• Exercise requirements: Go to the line holding "Kamu perlu tahu, ini" in the data below and repeat it exactly, then each line after it up to and including the one holding "Серебряные серьги DreamJewelry". Omit pictures.

• Given entries:
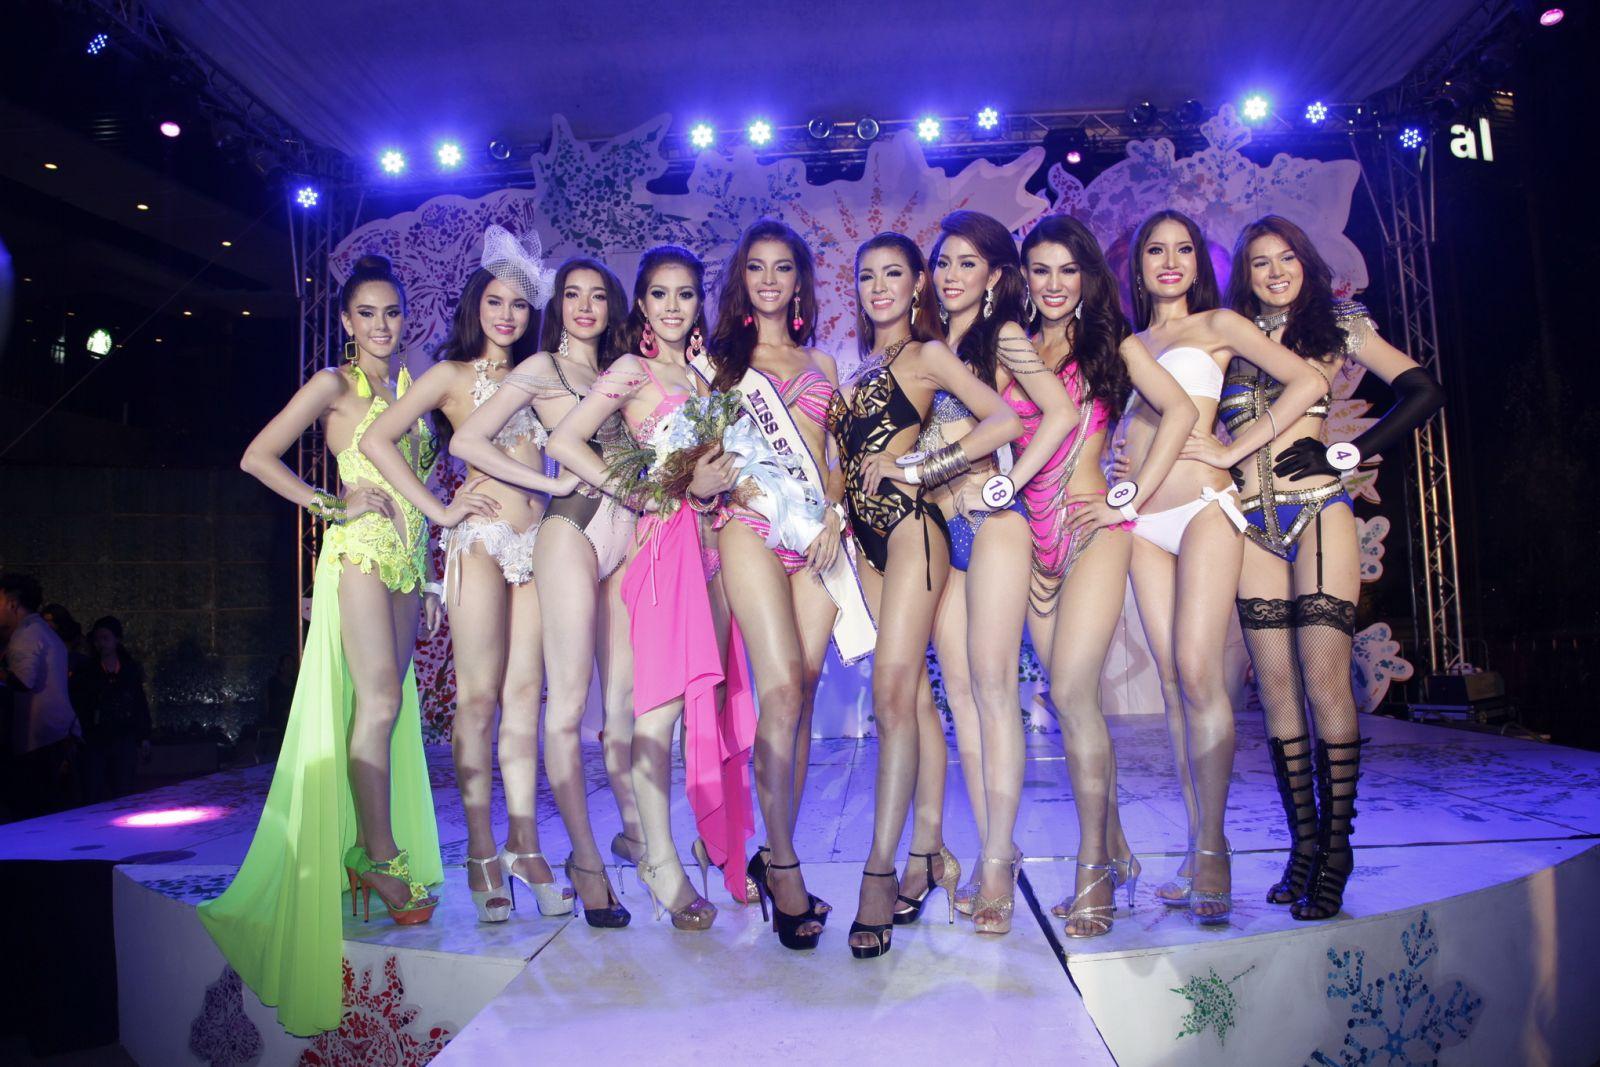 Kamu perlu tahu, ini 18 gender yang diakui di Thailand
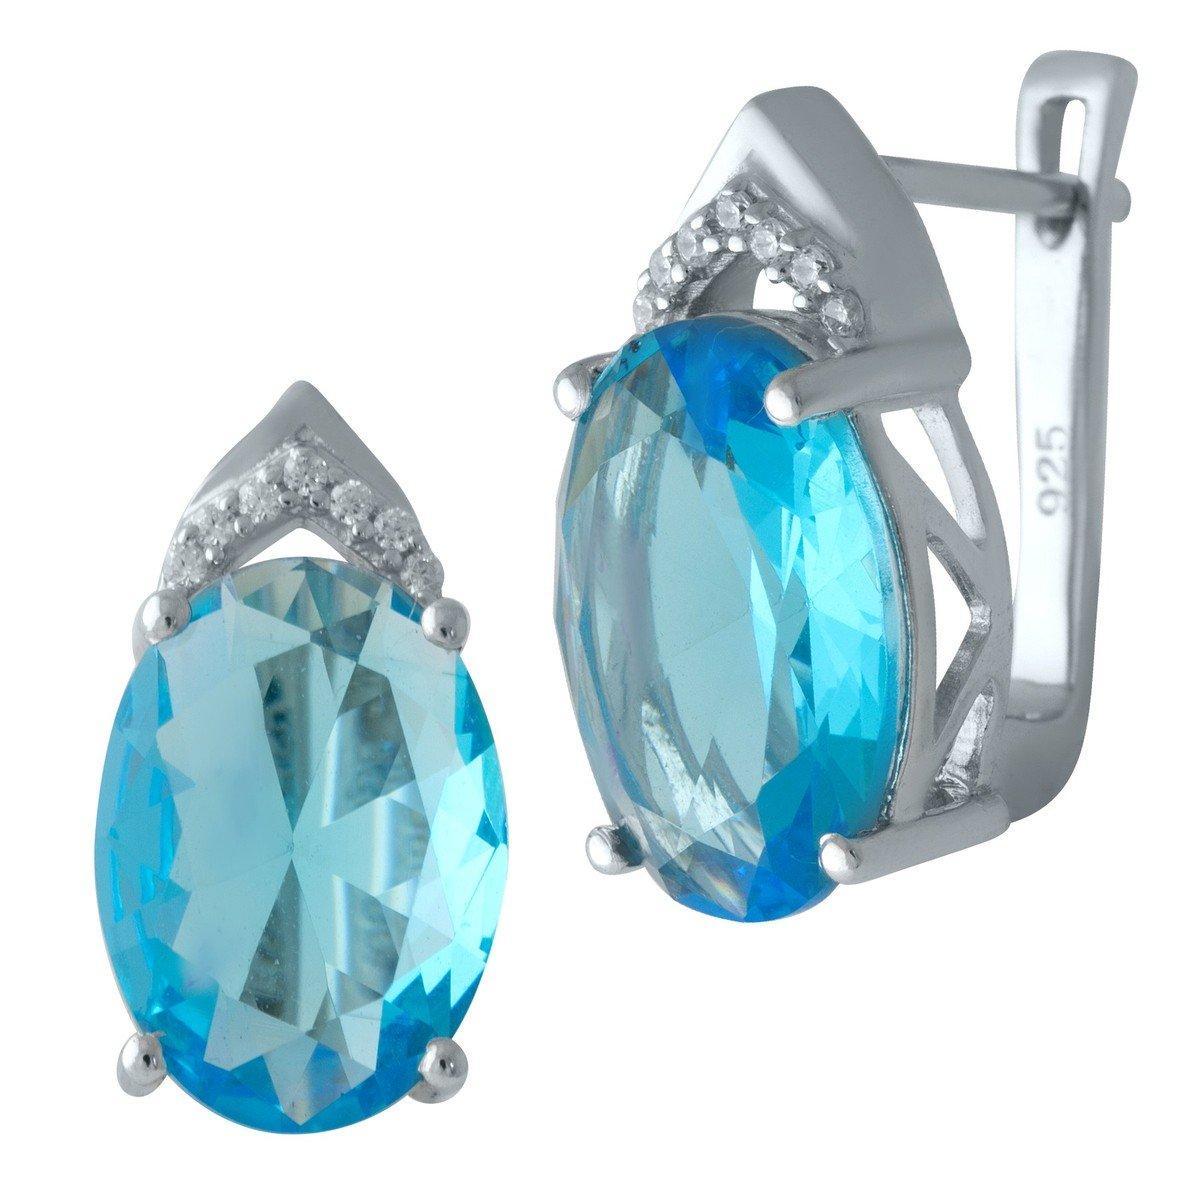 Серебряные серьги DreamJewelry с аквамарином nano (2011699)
* * *
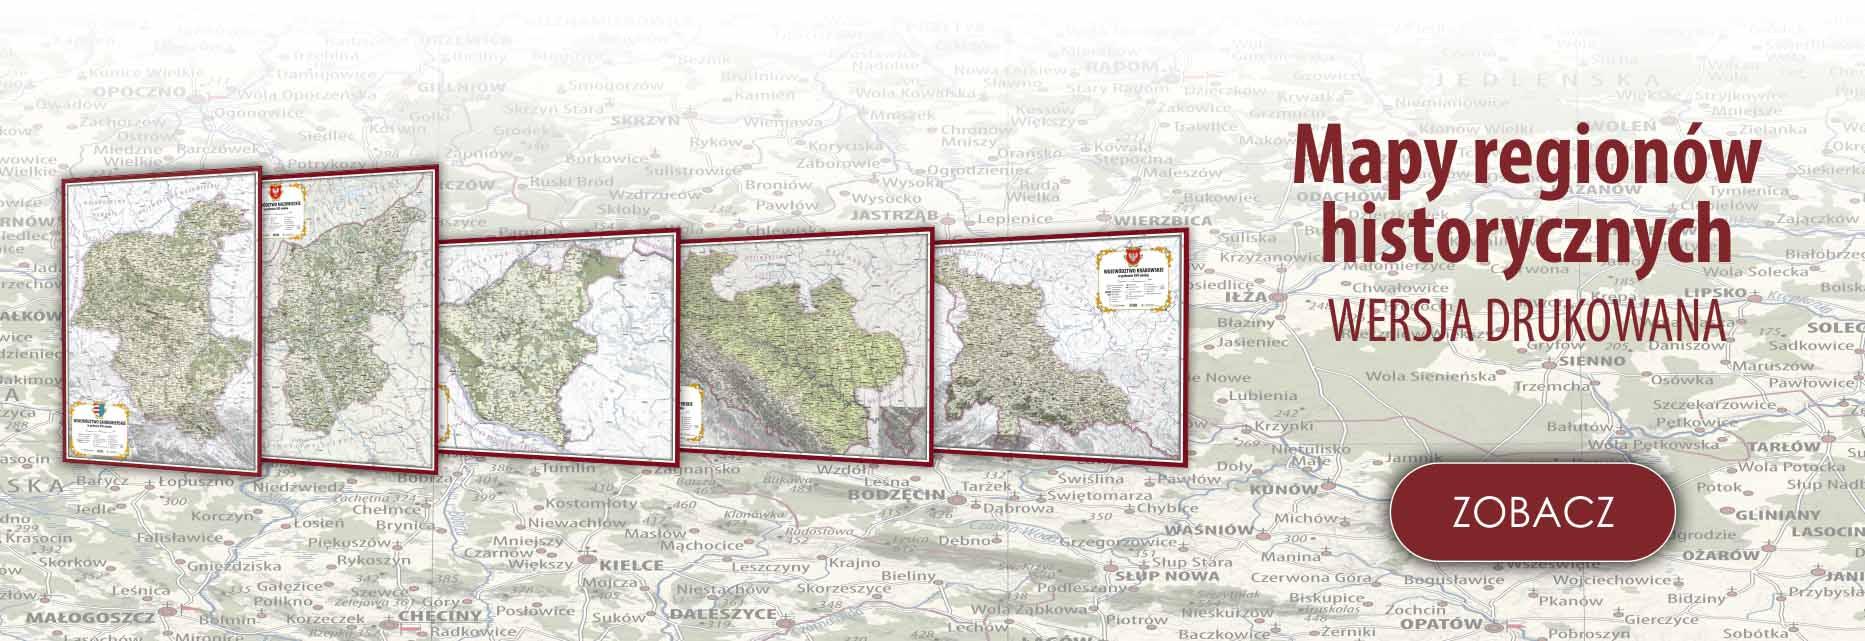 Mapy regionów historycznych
* * *
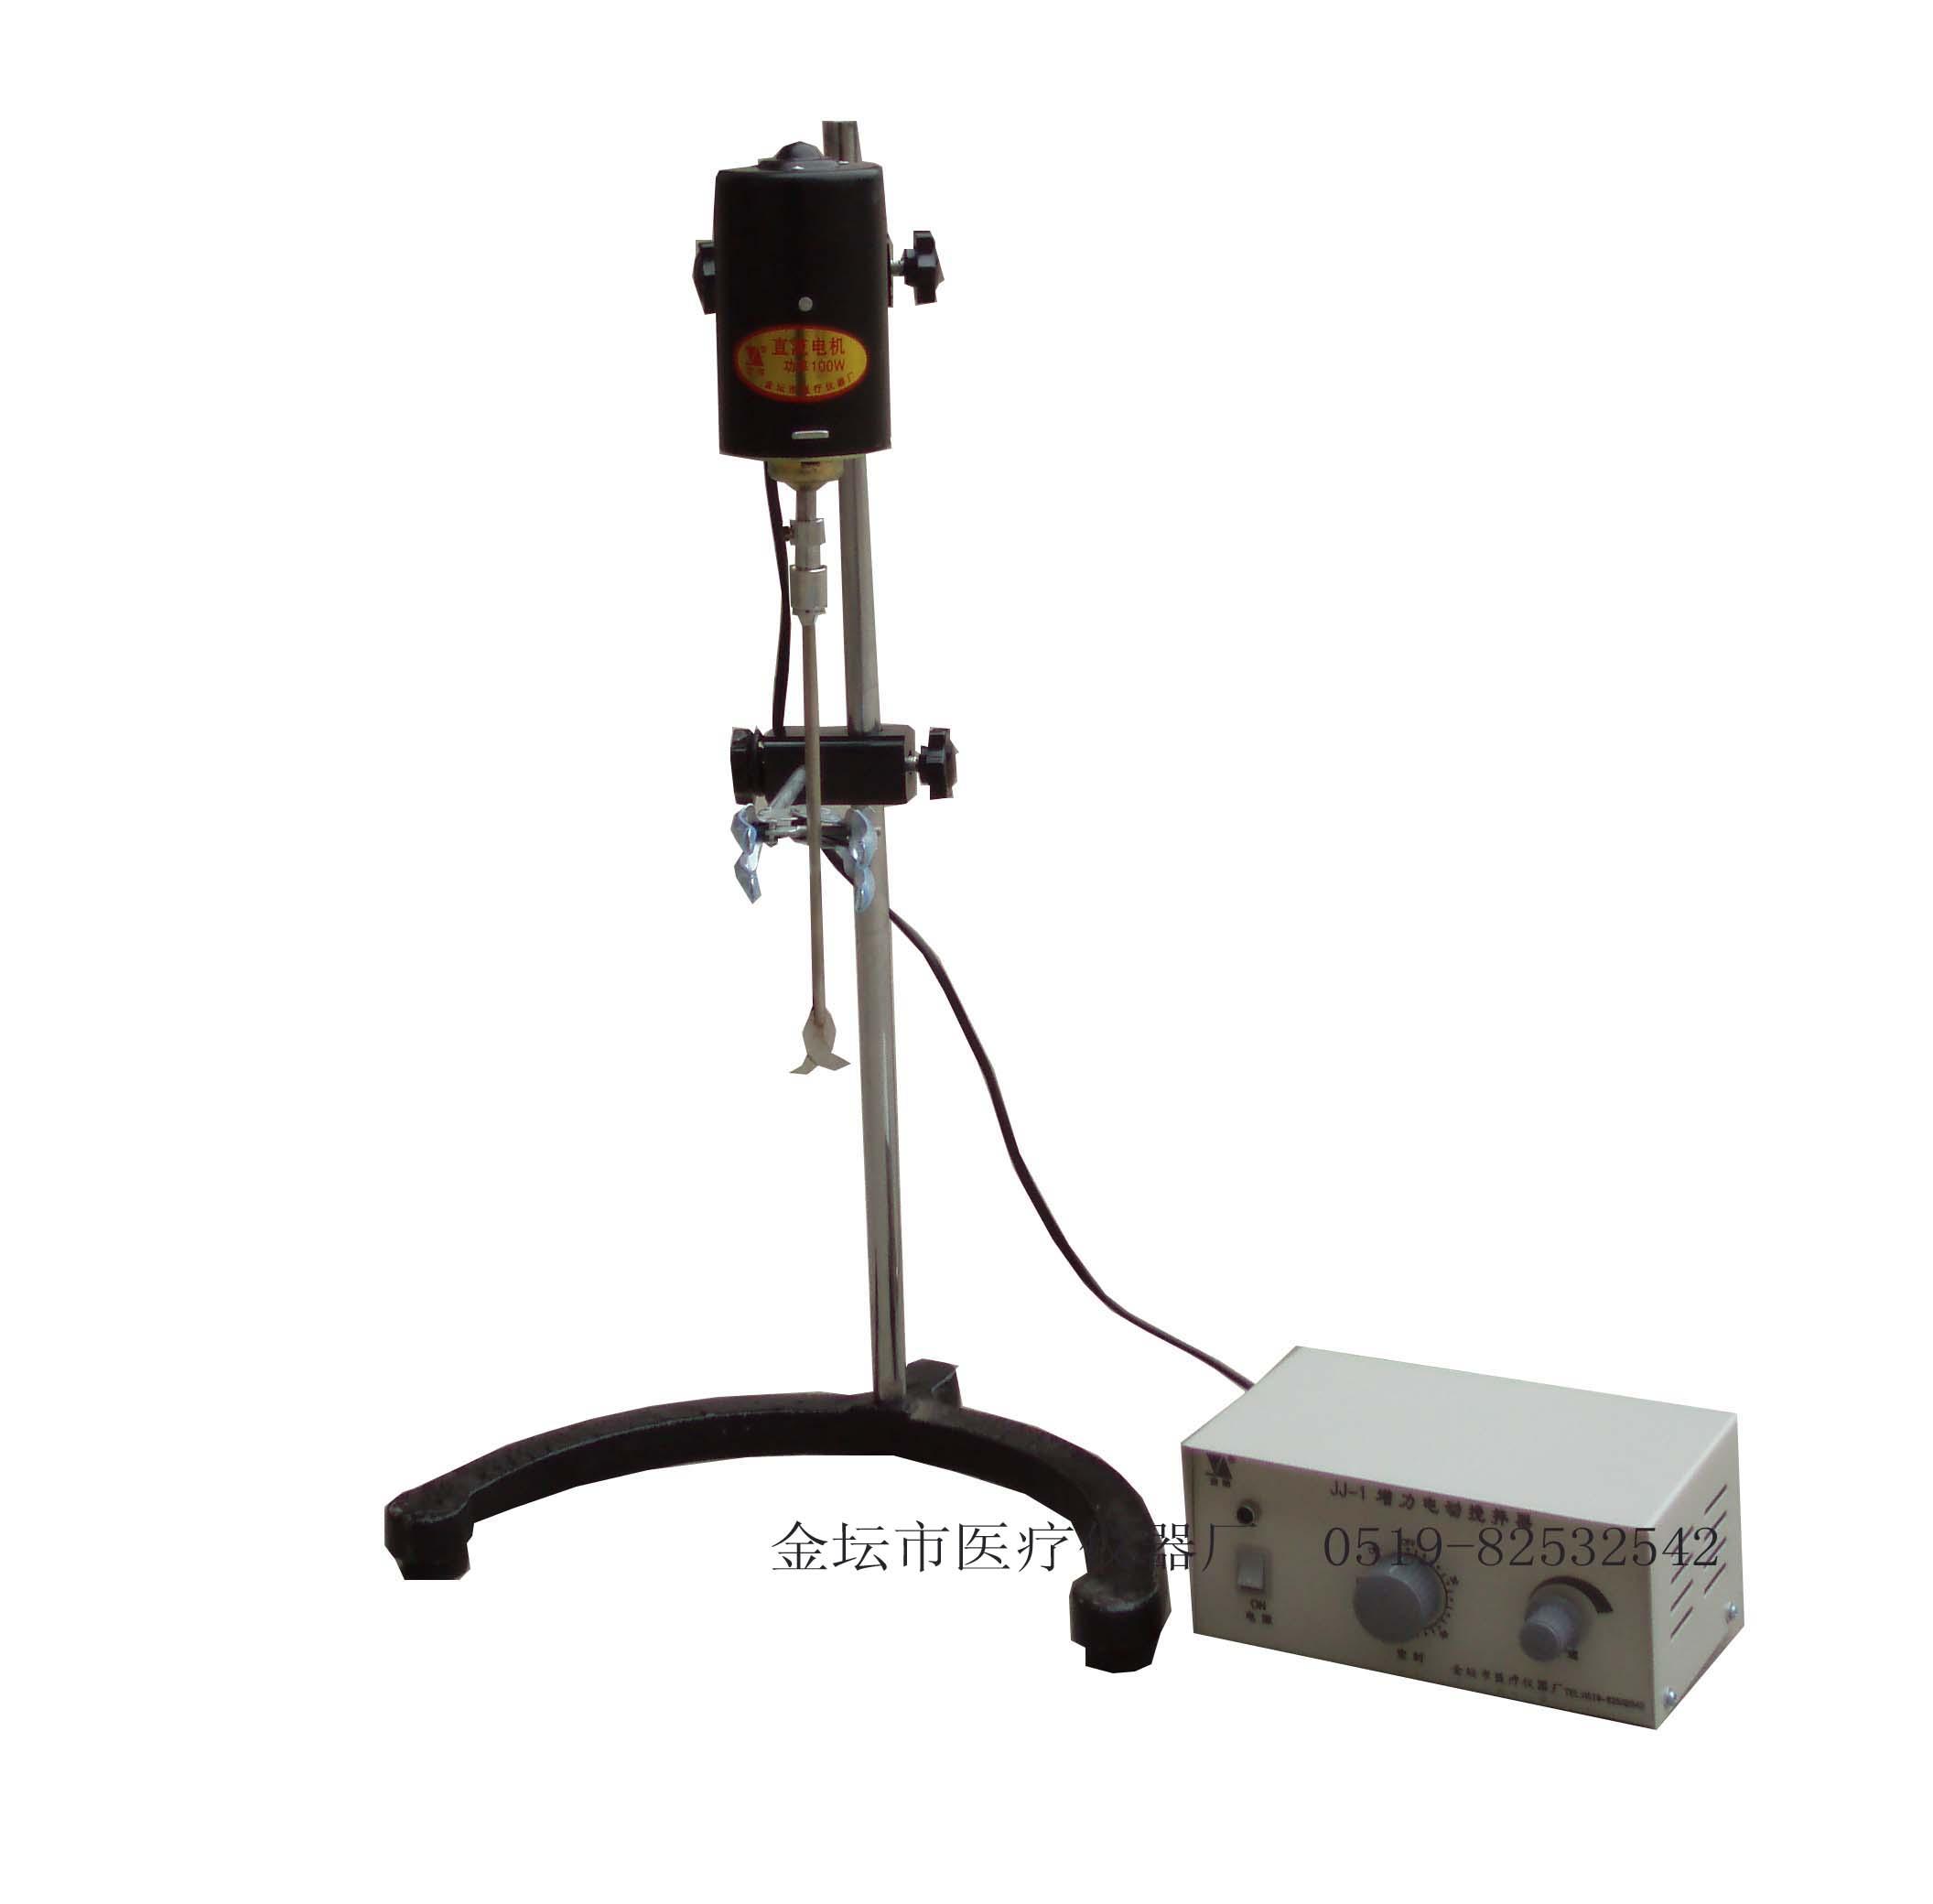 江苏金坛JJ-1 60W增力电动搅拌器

• Response to this exercise:
 Kamu perlu tahu, ini 18 gender yang diakui di Thailand
 Серебряные серьги DreamJewelry с аквамарином nano (2011699)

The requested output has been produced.